Abstract: We propose integrating optimal transport (OT) into operator learning for partial differential equations (PDEs) on complex geometries. Classical geometric learning methods typically represent domains as meshes, graphs, or point clouds. Our approach generalizes discretized meshes to mesh density functions, formulating geometry embedding as an OT problem that maps these functions to a uniform density in a reference space. Compared to previous methods relying on interpolation or shared deformation, our OT-based method employs instance-dependent deformation, offering enhanced flexibility and effectiveness. For 3D simulations focused on surfaces, our OT-based neural operator embeds the surface geometry into a 2D parameterized latent space. By performing computations directly on this 2D representation of the surface manifold, it achieves significant computational efficiency gains compared to volumetric simulation. Experiments with Reynolds-averaged Navier-Stokes equations (RANS) on the ShapeNet-Car and DrivAerNet-Car datasets show that our method achieves better accuracy and also reduces computational expenses in terms of both time and memory usage compared to existing machine learning models. Additionally, our model demonstrates significantly improved accuracy on the FlowBench dataset, underscoring the benefits of employing instance-dependent deformation for datasets with highly variable geometries.

• The paper introduces an OT framework that embeds surface meshes into a canonical latent space while preserving global geometric measures.
• It leverages both Monge and Kantorovich formulations via methods like PPMM and Sinkhorn to achieve instance-dependent, measure-preserving embeddings.
• Empirical results demonstrate that OTNO achieves superior convergence rates and computational savings compared to methods such as Geo-FNO and GINO.
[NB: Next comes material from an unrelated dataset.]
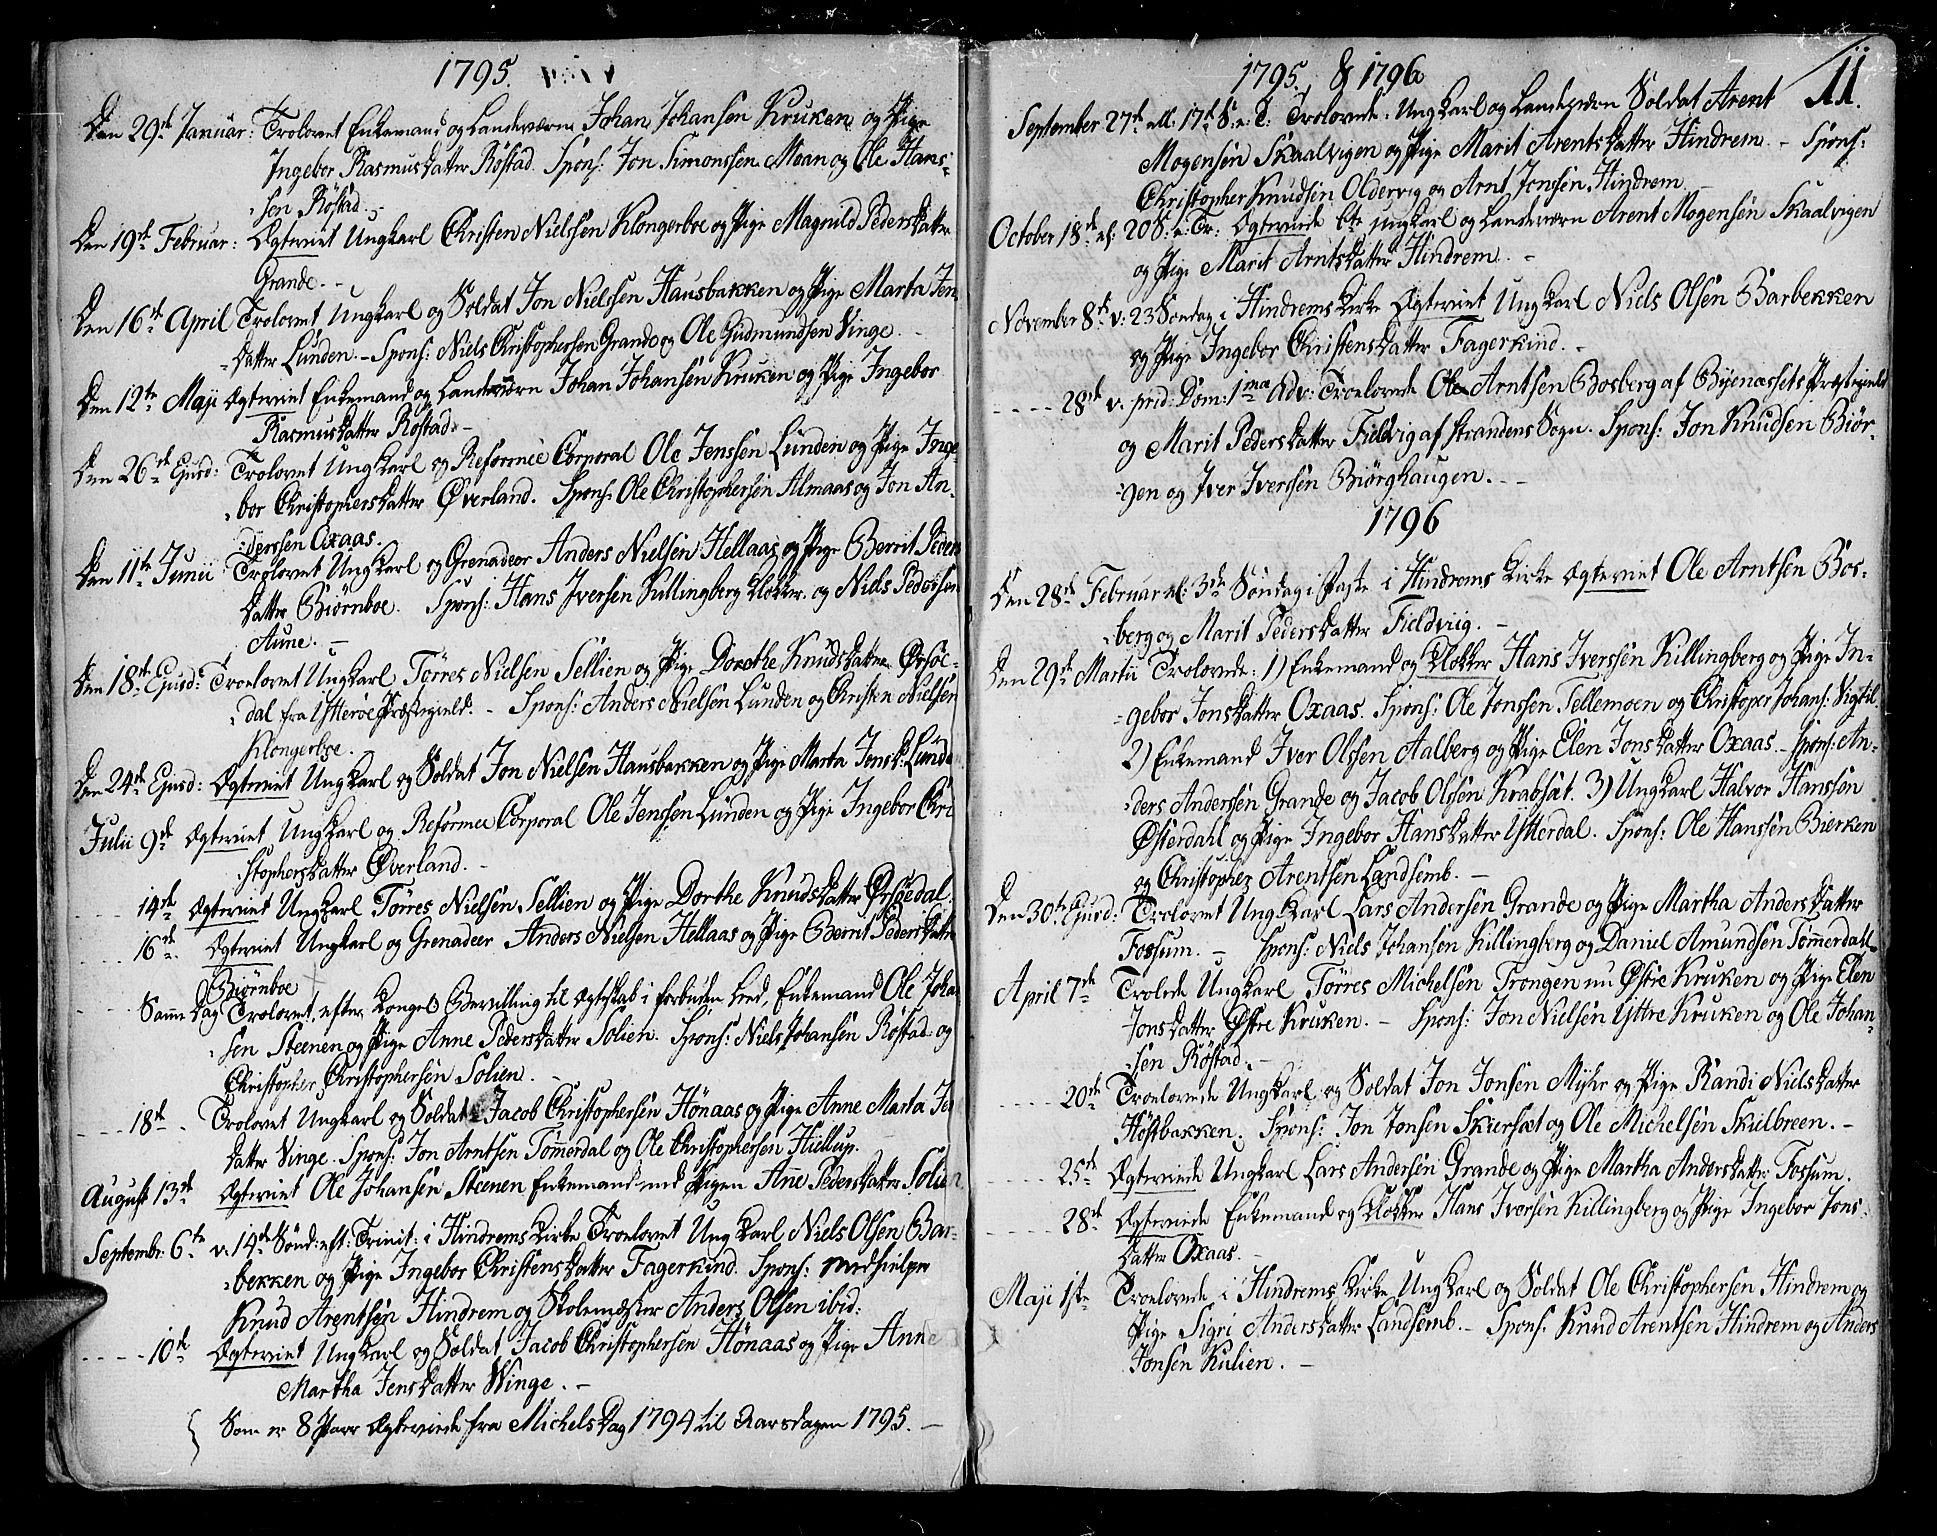 SAT, Ministerialprotokoller, klokkerbøker og fødselsregistre - Nord-Trøndelag, 701/L0004: Ministerialbok nr. 701A04, 1783-1816, s. 11

Geometric Operator Learning with Optimal Transport: An Expert Analysis

Introduction and Motivation

The paper "Geometric Operator Learning with Optimal Transport" (2507.20065) introduces a principled framework for operator learning on complex geometric domains, with a focus on partial differential equations (PDEs) arising in computational fluid dynamics (CFD). The central innovation is the integration of optimal transport (OT) theory into the geometric encoding process for neural operators, enabling instance-dependent, measure-preserving embeddings of surface meshes into canonical latent spaces. This approach addresses key limitations of prior methods—such as Geo-FNO and GINO—by providing both flexibility and computational efficiency, particularly for high-dimensional, surface-dominated problems.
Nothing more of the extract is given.